EXERCISE DIRECTIONS
Look through the entries below and copy exactly the part that begins with the line containing "Famoso Páginas Para" and ends with the line containing "la-importancia-de-incluir-proteinas-en-tu-dieta". Do not copy the pictures.

DATA
>>>
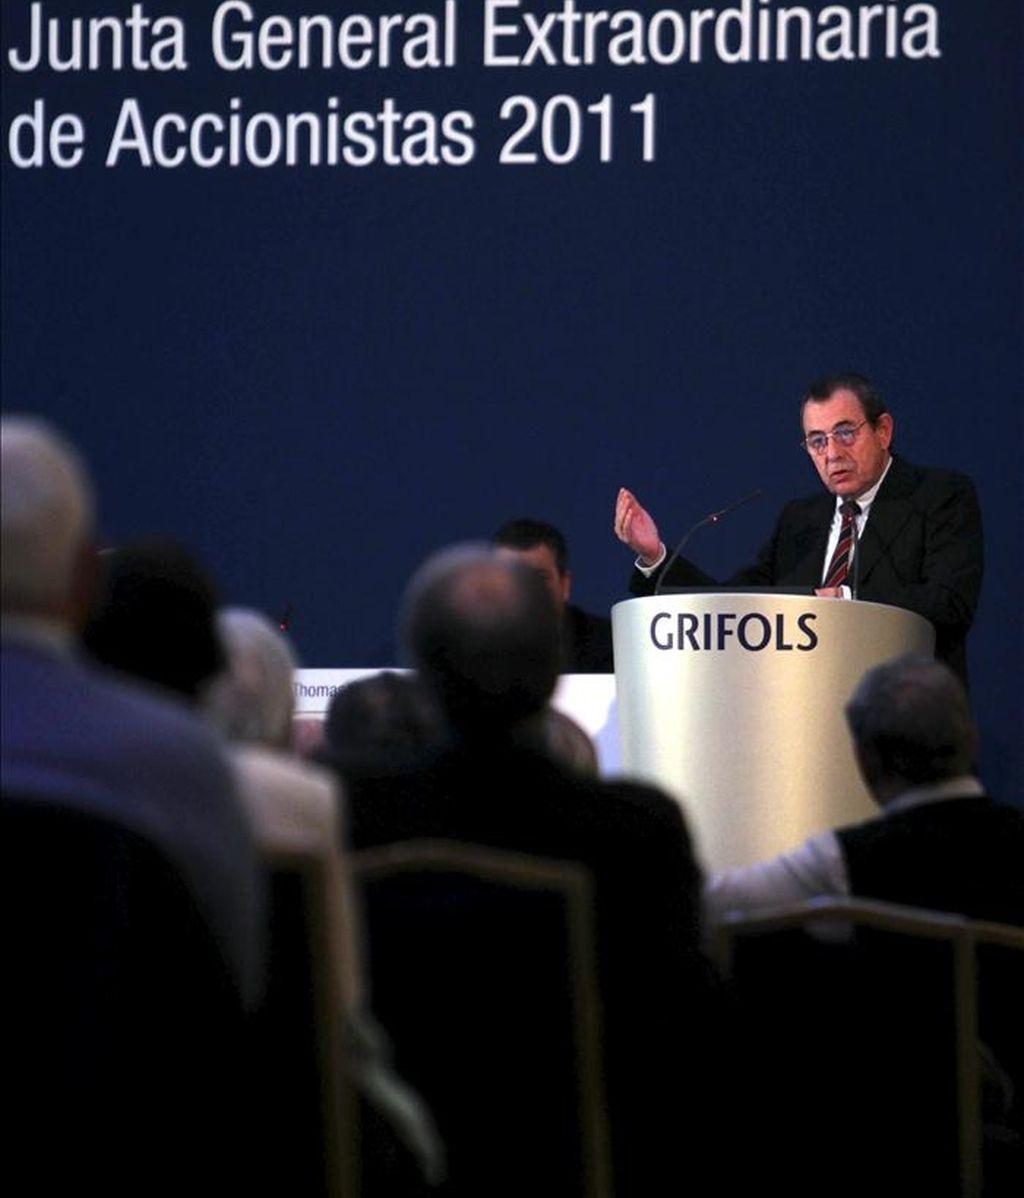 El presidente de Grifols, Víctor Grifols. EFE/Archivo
<<<
>>>
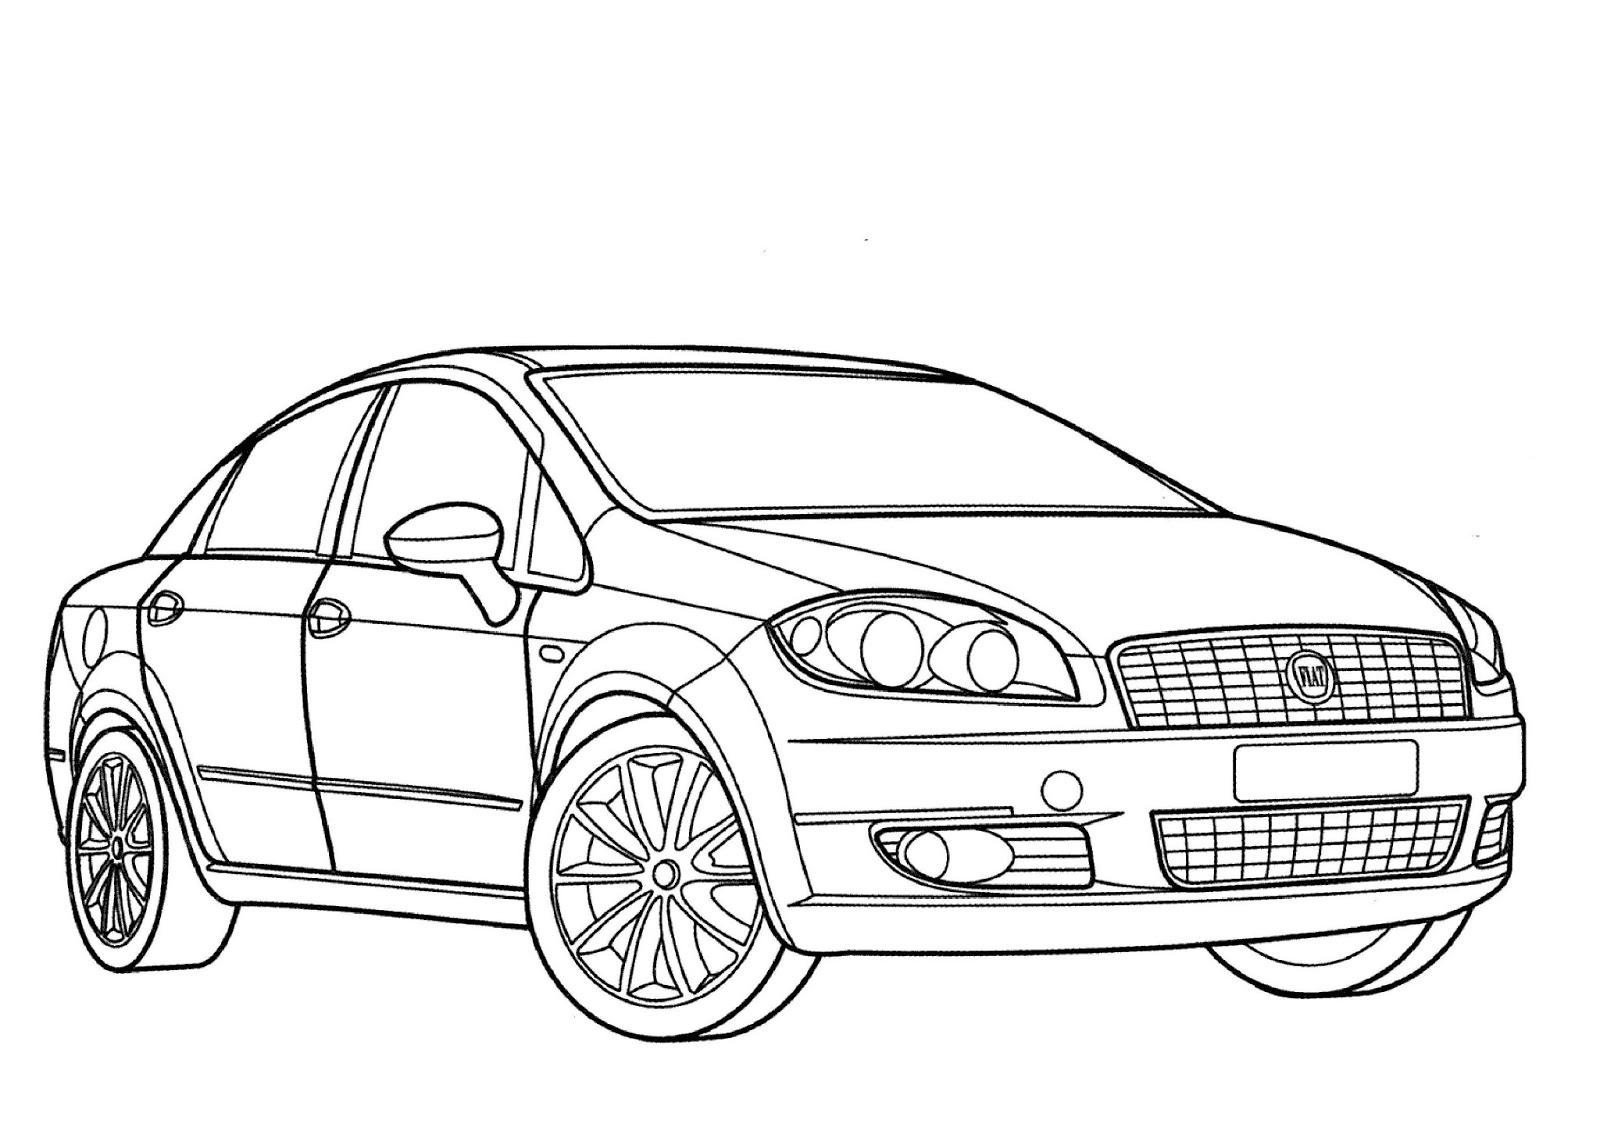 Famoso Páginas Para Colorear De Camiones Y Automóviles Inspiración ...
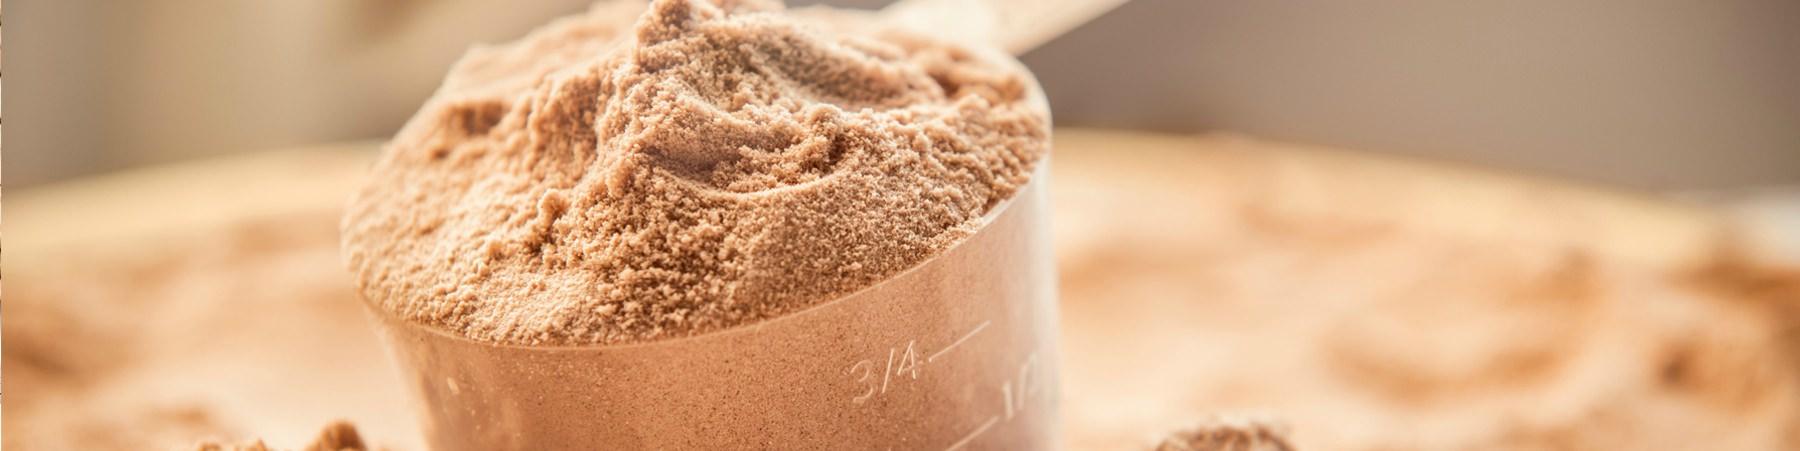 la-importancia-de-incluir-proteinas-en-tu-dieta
<<<
FINISHED TASK
 Famoso Páginas Para Colorear De Camiones Y Automóviles Inspiración ...
 la-importancia-de-incluir-proteinas-en-tu-dieta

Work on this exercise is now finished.